Watching Amélie is like taking a sticky shower in honey. No, wait: Amélie is like a never-ending bowl of filling comfort food. It's like a nougat enema. Like drowning in a lake filled with Grand Manier. Like EuroDisney after a full frontal lobotomy.

Jean-Pierre Jeunet, who used to make movies with his partner Marc Caro, has been known for his adventurous and quirky films, especially "Delicatessen" and "City of Lost Children." He is also known as the guy who made H.R.

Giger's creatures swim in "Alien: Resurrection." With Amélie, he is back in a safe terrestrian setting - a Paris of his dreams, to be precise, a world full of delights without fear or pain or worry. Too bad, really, because the cannibalistic butchers, mad scientists, and gory space monsters that populated his earlier films are precisely what's missing from Amélie.

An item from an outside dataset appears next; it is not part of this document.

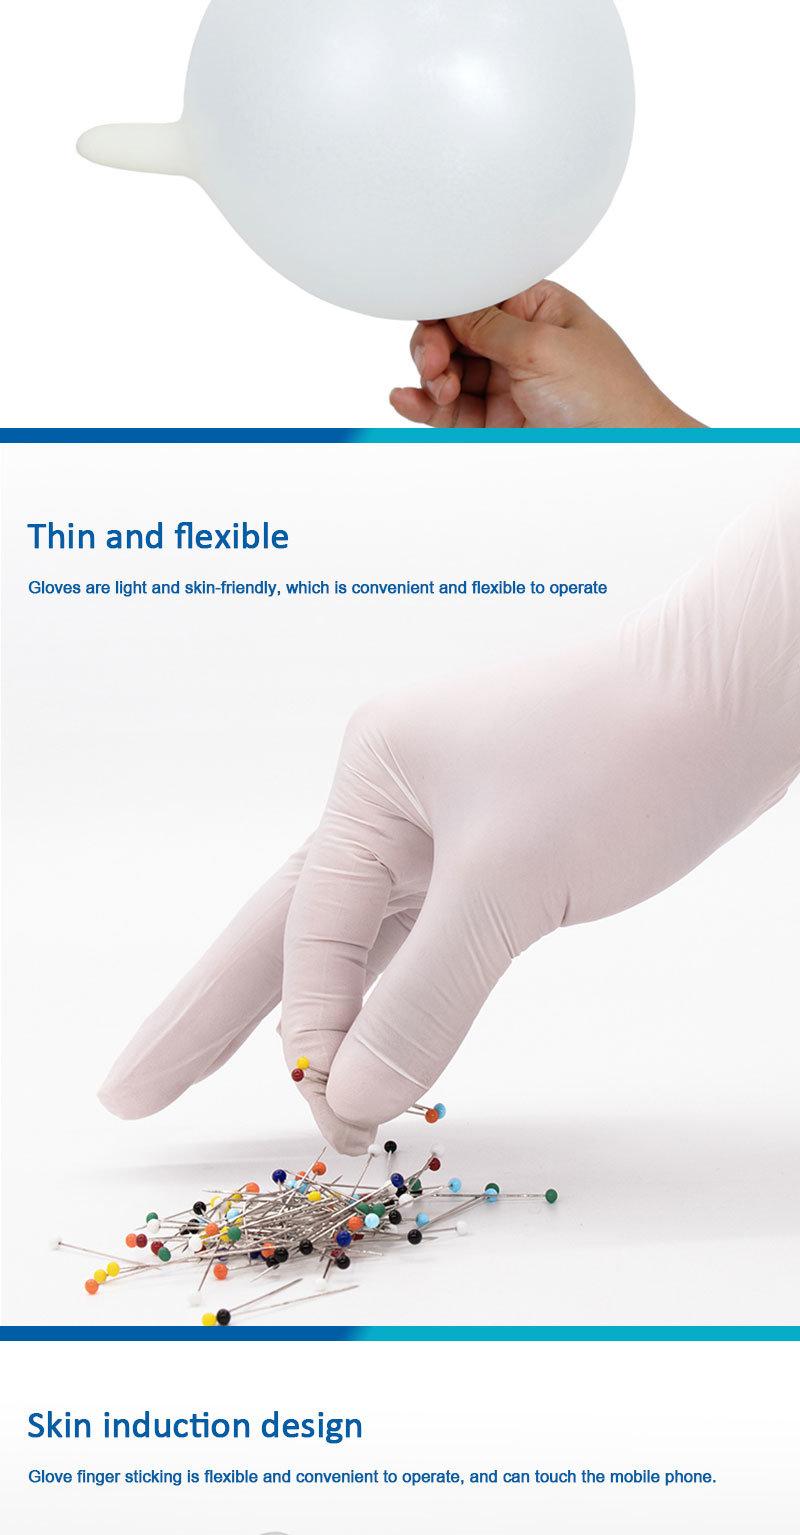 Powder/Powder Free Smooth or Textured Surfaces Latex Examination Gloves Disposable

If you haven't seen Audrey Tautou smirk at you from a poster or magazine cover yet, it is only a matter of time. The heroine of Amélie is so godawfully cute that there will be no avoiding her. "Cute" also pretty much sums up the movie, which will almost certainly be this fall's foreign film hit, thanks to Tautou's overly dilated pupils and her good heart, which leads her to do good in the world: the film's plot revolves around Amélie's desire to commit random acts of kindness, including returning lost childhood souveniers to their rightful owners and sending garden gnomes on trips around the world.

I enjoyed Amélie for about fifteen minutes.

Jeunet's playful direction and rare attention to details make the breathless opening of the film giddy fun. But Amélie just keeps on piling on the happy goodness until you start to foam at the mouth. Shamelessly pandering to the crowd, Jeunet stuffs the film with an overdose of quirkiness, repeats some of his best jokes from Delicatessen, and rips off well-known urban legends to no end whatsoever. The kind of facile entertainment where droll members of a tight-knit community take care of each other's happiness used to be reserved for a certain brand of Irish comedy, but I suppose since last year's fake-French Chocolat, no country's films are safe from the feel-good bug.

Jeunet's inventiveness is certainly laudable, and I love a well-constructed happy ending. Movies like Lukas Moodyson's Together slowly win you over and earn their considerable pleasures. Yet in "Amélie," there is never a sense of danger, or pain, or loss. Amélie's loneliness never becomes tangible. In her sunlit play world, nothing ever goes wrong, and nothing is at stake. But without the acknowledgement of the pain life can hold in store, all the carefree joy winds up looking merely dumb. Instead of filling me with kindness and love, Amélie made me angry: so much geniune talent wasted on a weightless, pointless confection.